Experience Description

Right before I died, I was at home. It was a regular evening. I was a high-functioning drug addict, and it was the year my partner at the time began to get take-home methadone. When we could not score heroin, he would share his methadone with me. That specific evening, I was feeling a creative streak. I always loved writing. I dreamt of being a writer, but I did not believe I could be one. So I wrote for myself, trying to make sense of my life, hoping the day I died would come soon. At the time, I knew I would not live past 30. In a way, I did not.

I decided I wanted to get high, and I knew I could do that from the methadone. I took the little plastic container out of the safe that contained his methadone and took a sip of the red, sticky, dense fluid. I went to my computer to write, but the words were not coming. The voice of creativity hadn’t awakened. I took one or two of my prescription meds and went back to the safe for one more sip of methadone. I went back to the computer, tried to write, and concluded I was not high enough. I took more sips of the cherry-flavored, dense liquid methadone. I did this process for a while until I had not just taken a couple tiny sips. I had drunk most of the little plastic bottle that contained 200mg of methadone.

Euphoria finally hit. I wrote. I pictured myself to be like Hemingway, and I felt his voice come through me. After I was done writing, I woke up my partner to make love. Everything felt good in this drug-induced psychosis. And then I thought I went to sleep. I remember the moment right before, how my Velcro pants felt so comfortable as I pulled them on right before dozing off to sleep.

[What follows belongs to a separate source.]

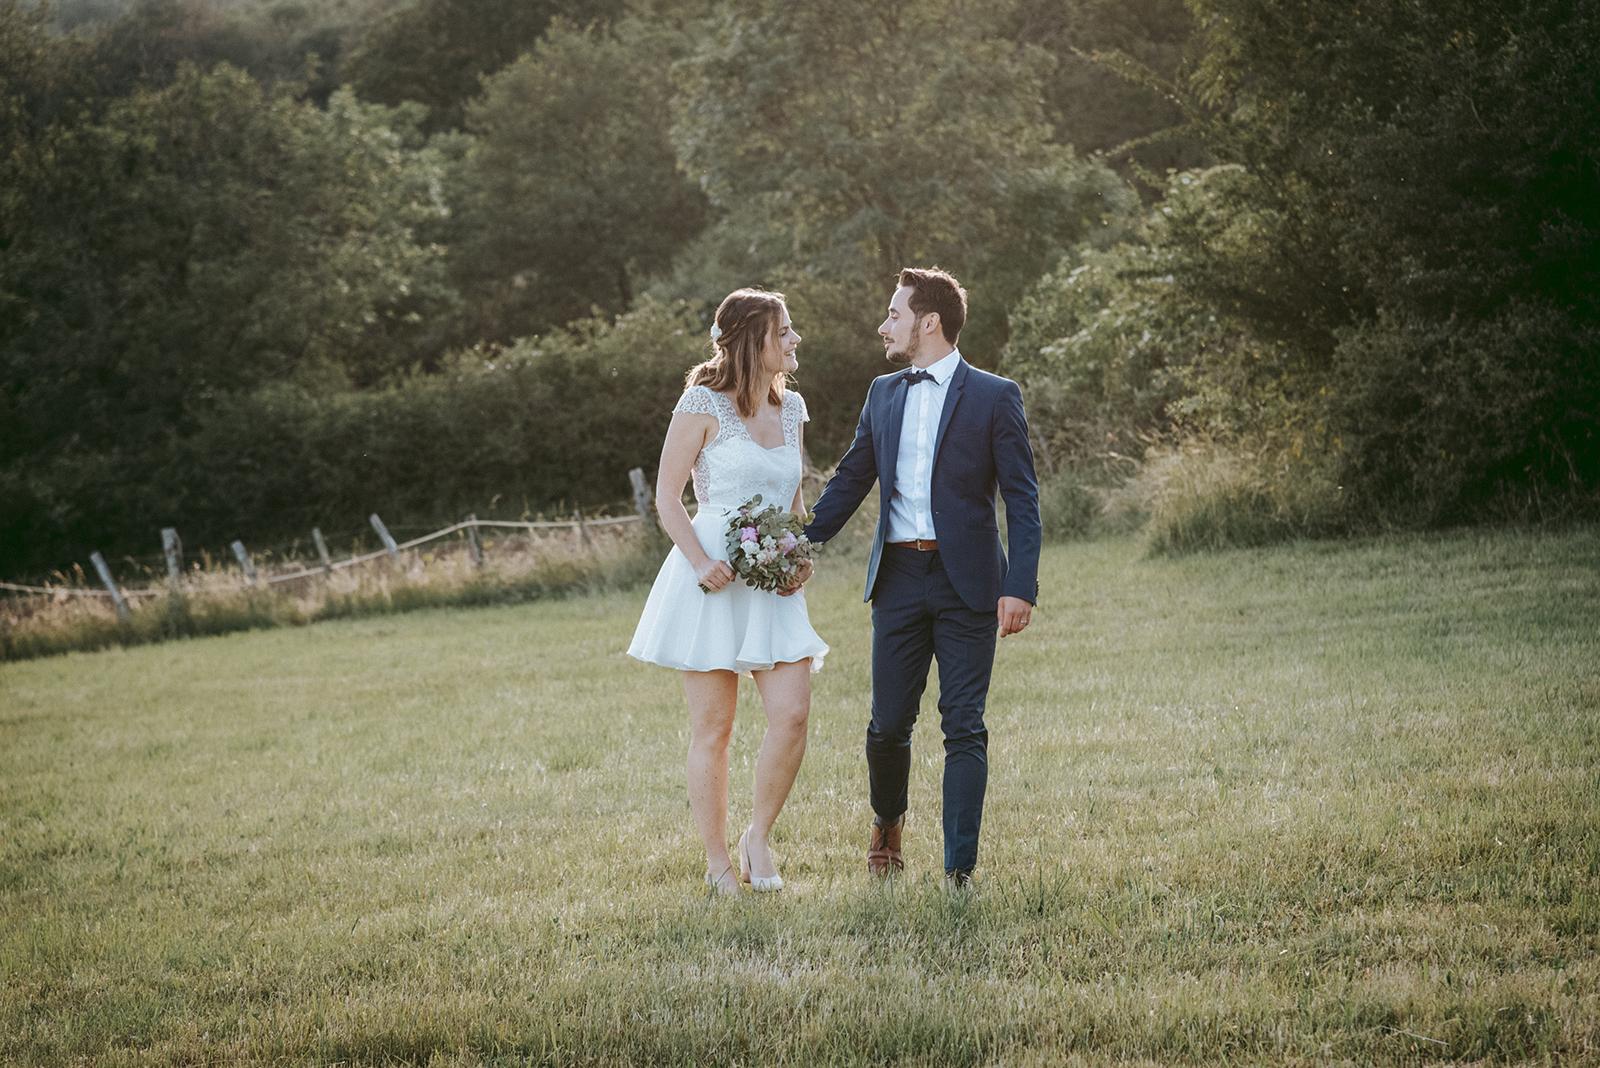 mariés qui marchent en se regardant

For the next 10 years, I would deny to myself anything happened because it was not backed up by the science I knew. I was so scared that if I told anyone, they would assume I was schizophrenic and lock me up. I had previous traumatic experiences of abuse and sexual trauma at a mental facility. It stuck as a fear that if I shared anything with anyone, I would be placed in a similar facility.

This is what happened:

That moment when I died, I left my body. I can still see it all unfold as true reality. I saw myself sleeping and snuggled into the dark purple sheets covered by a black comforter. I was looking around the room and feeling such bliss and no pain. That is when my grandmothers appeared. I had not seen one of my grandmothers since 1993, when I left the former Soviet Union with my parents to come to the U.S. I craved her touch, her love, and in that instant, I got it. I felt that profound love. The other grandmother, my father’s mother, had visited us once in the U.S. in 1996, and I did not see her after that. To see them together and feel their love, it was something that I had only dreamt of. And, I was experiencing it again. We went through a tunnel together toward the light, where all my shame, guilt, self-hate, and fear were lifted. My mistakes were no longer heavy, but soul lessons unraveling, and making sense to me. I begged to stay. I felt like this is home. This is where I was meant to be as I had just woken up from a nightmare.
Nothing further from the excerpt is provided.